Мне вдруг стало душно, я судорожно вздохнул, но тут же стиснул зубы. И сильно зажмурил глаза.
– Ну, ты-то поднимешься в рай! В Калевалу.
Она чуть заметно кивнула и улыбнулась одними губами. Глаза ее смотрели строго и печально, не мигая.
– Не смотри на меня. И ничего не говори. Так тебе будет легче. Легче, и все вернется на круги своя… – Она как будто засыпала и уже заговаривалась во сне. Вдруг ее тонкие, но сильные пальцы на мгновение крепко сжали мою руку. – А теперь иди. Побудь немного рядом и иди. Только не засыпай, прошу тебя, милый, не ложись на ту койку. Пять минут – и выбирайся отсюда. Ключ в двери. Запри ее и беги. Это моя последняя просьба.

Больше ничего не сказали мы друг другу в этот вечер. Мне казалось, будет еще много таких вечеров, очень много в нашей жизни. И будут так же клубиться, переливаться, как фосфоресцирующая морская волна, рои городских огней, и будут так же обжигать холодные губы. Все это у нас будет еще много, много раз.
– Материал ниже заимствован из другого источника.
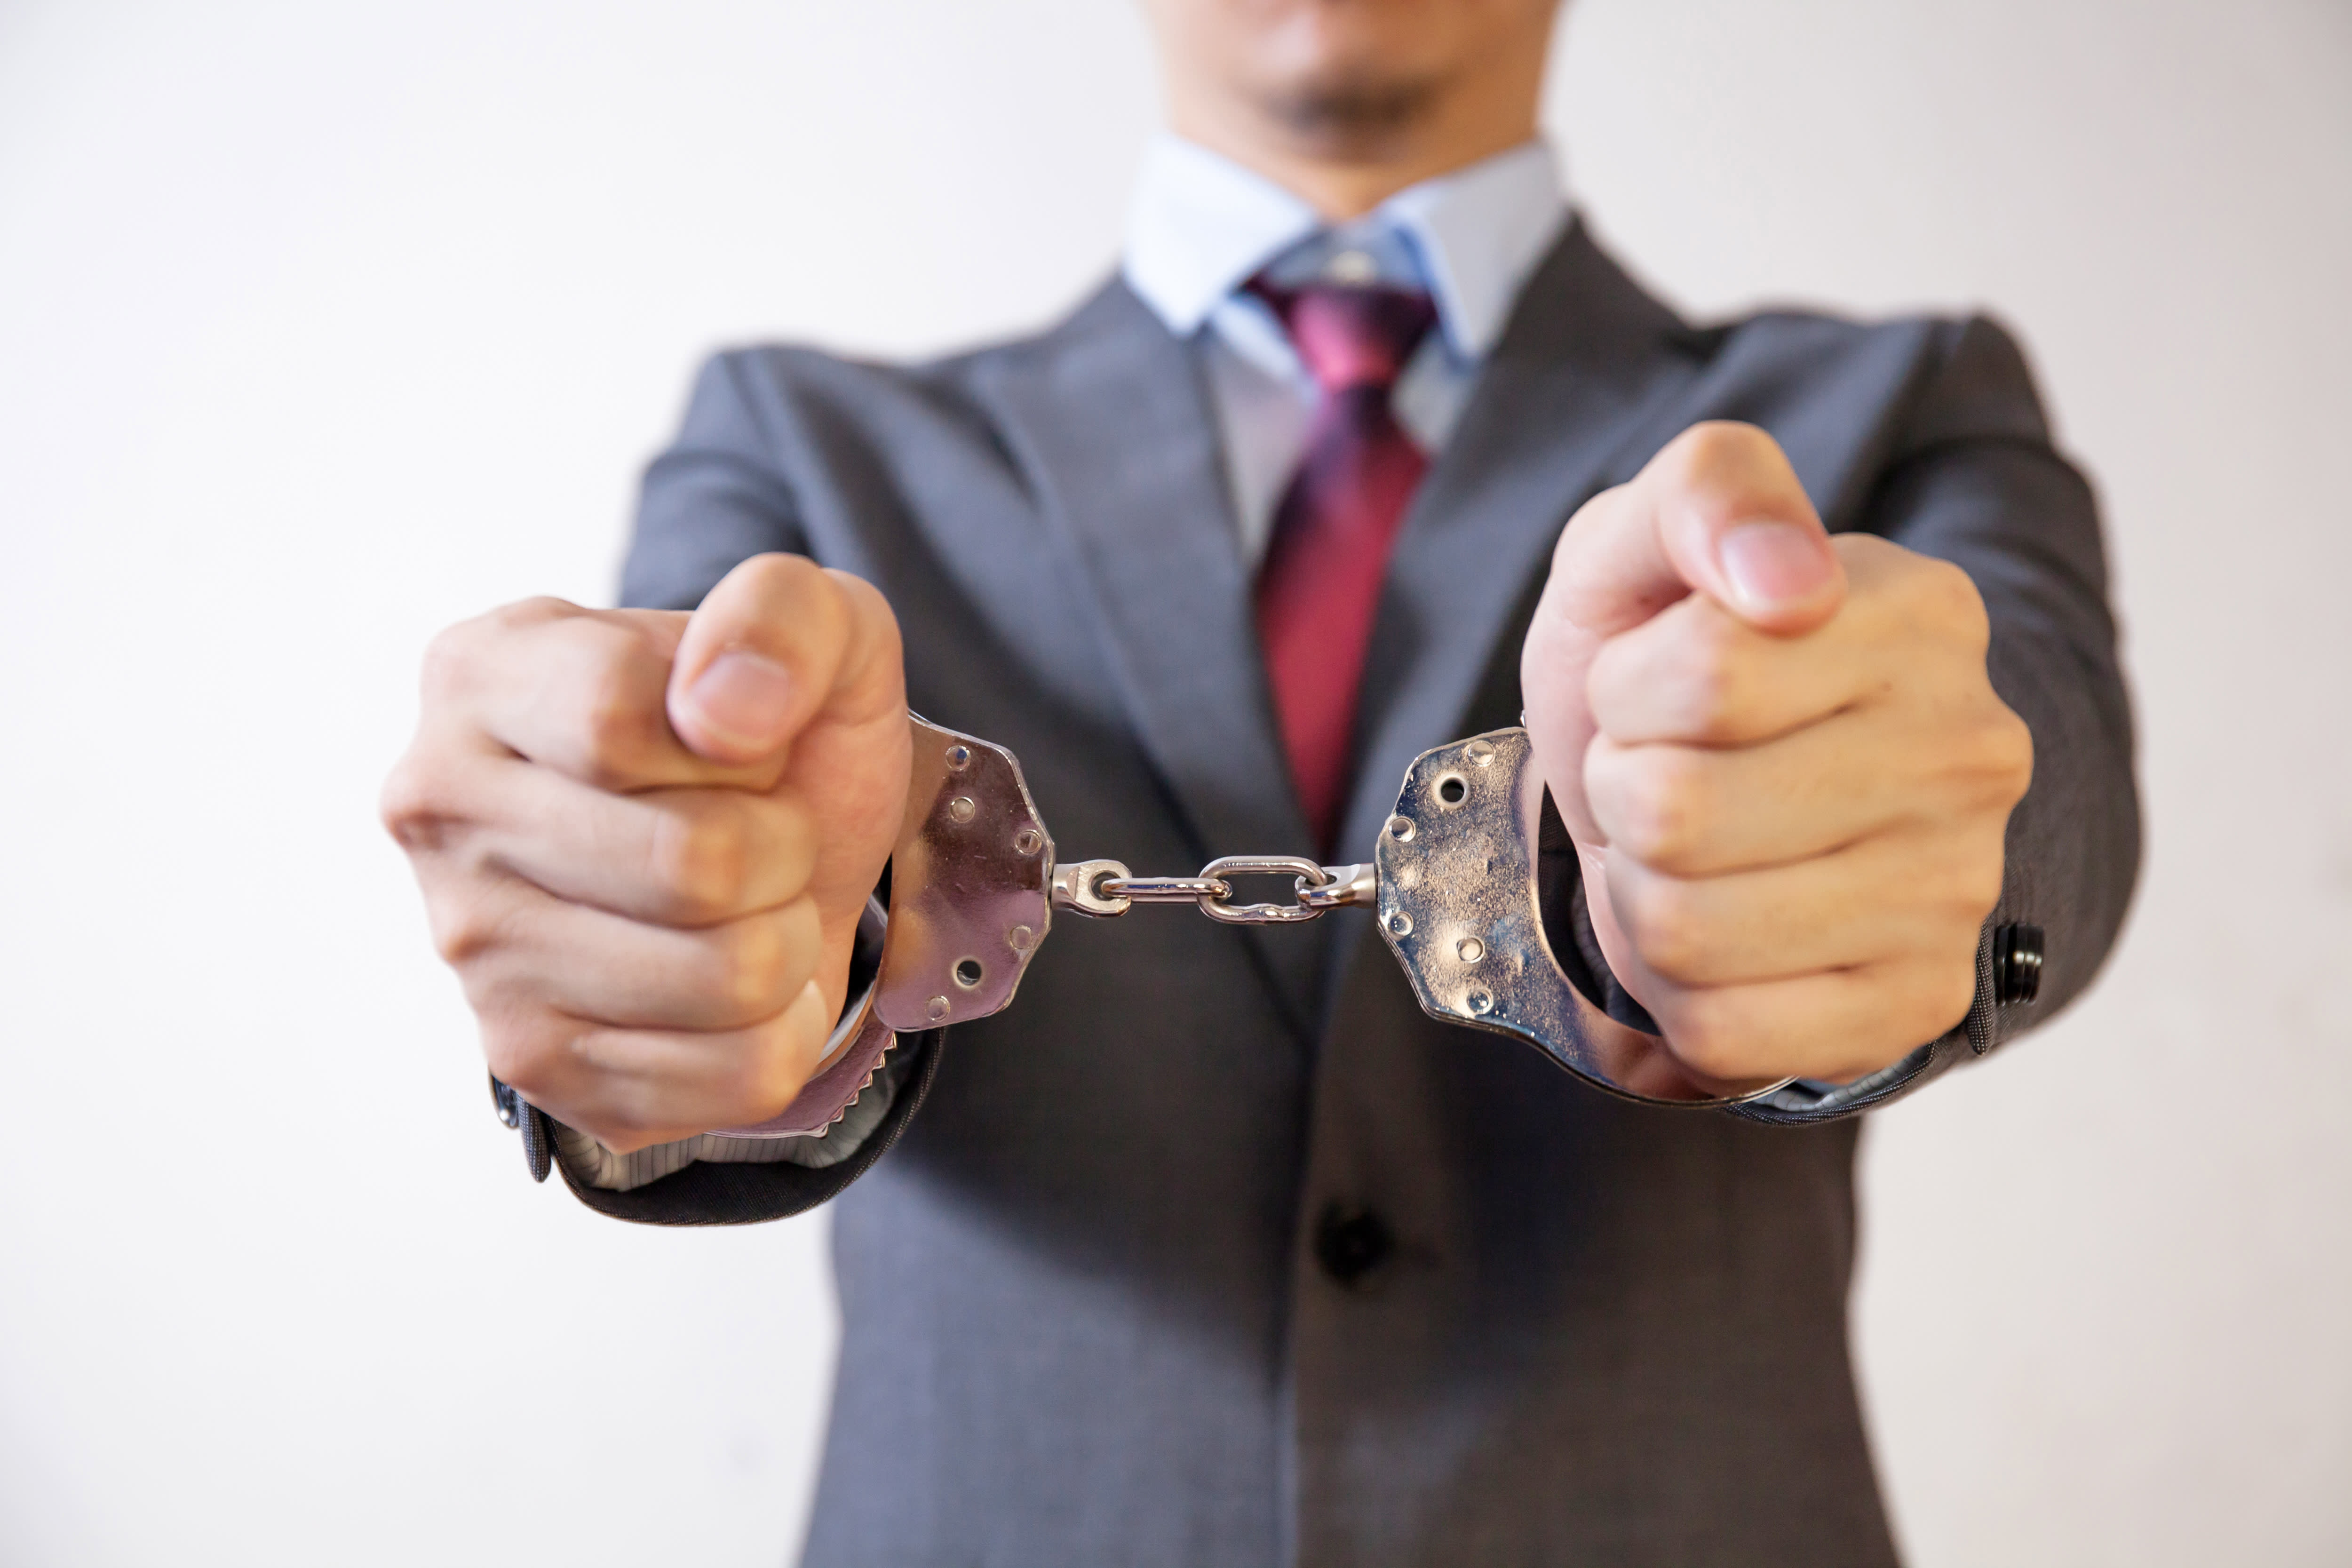 Greed, power, shame: the psychology of criminal managers

Никогда раньше я не испытывал такой безысходной, тягостной тоски. Меня охватила внезапная вялость, я уже был не в силах сопротивляться. Я вытянулся на постели. На потолке закачались черные облака. Меня качнуло, понесло куда-то мощным потоком воздуха: то ли вверх, то ли вниз. Потом сверху опустилось что-то слоистое. «Спи, милый, – услышал я голос Лены. – Я тебя одеялом укрыла» Я вздрогнул, меня словно подбросило. Ведь она привязана! Окно оказалось доступным прожектору автостоянки: по стене и по Лениной кровати пролег серебристый параллелограмм. Лены там не было. Я вдруг почувствовал, как воздух у меня за спиной скручивается, подобно жгуту, и затягивает мои волосы. Я проворно отскочил и побежал к двери, спотыкаясь, словно вприсядку, обретая на ходу утраченное равновесие. В животе кололо от страха. Уже повернув ключ в замке, я обернулся. Темнота ночи сливала все в неопределенную, черную массу, но, если приглядеться, можно было узнать каждый предмет. В комнате никого не было. Нет, не могу вот так уйти. Хотя бы немного посидеть на ее кровати, припасть лицом к подушке, еще хранящей аромат ее волос…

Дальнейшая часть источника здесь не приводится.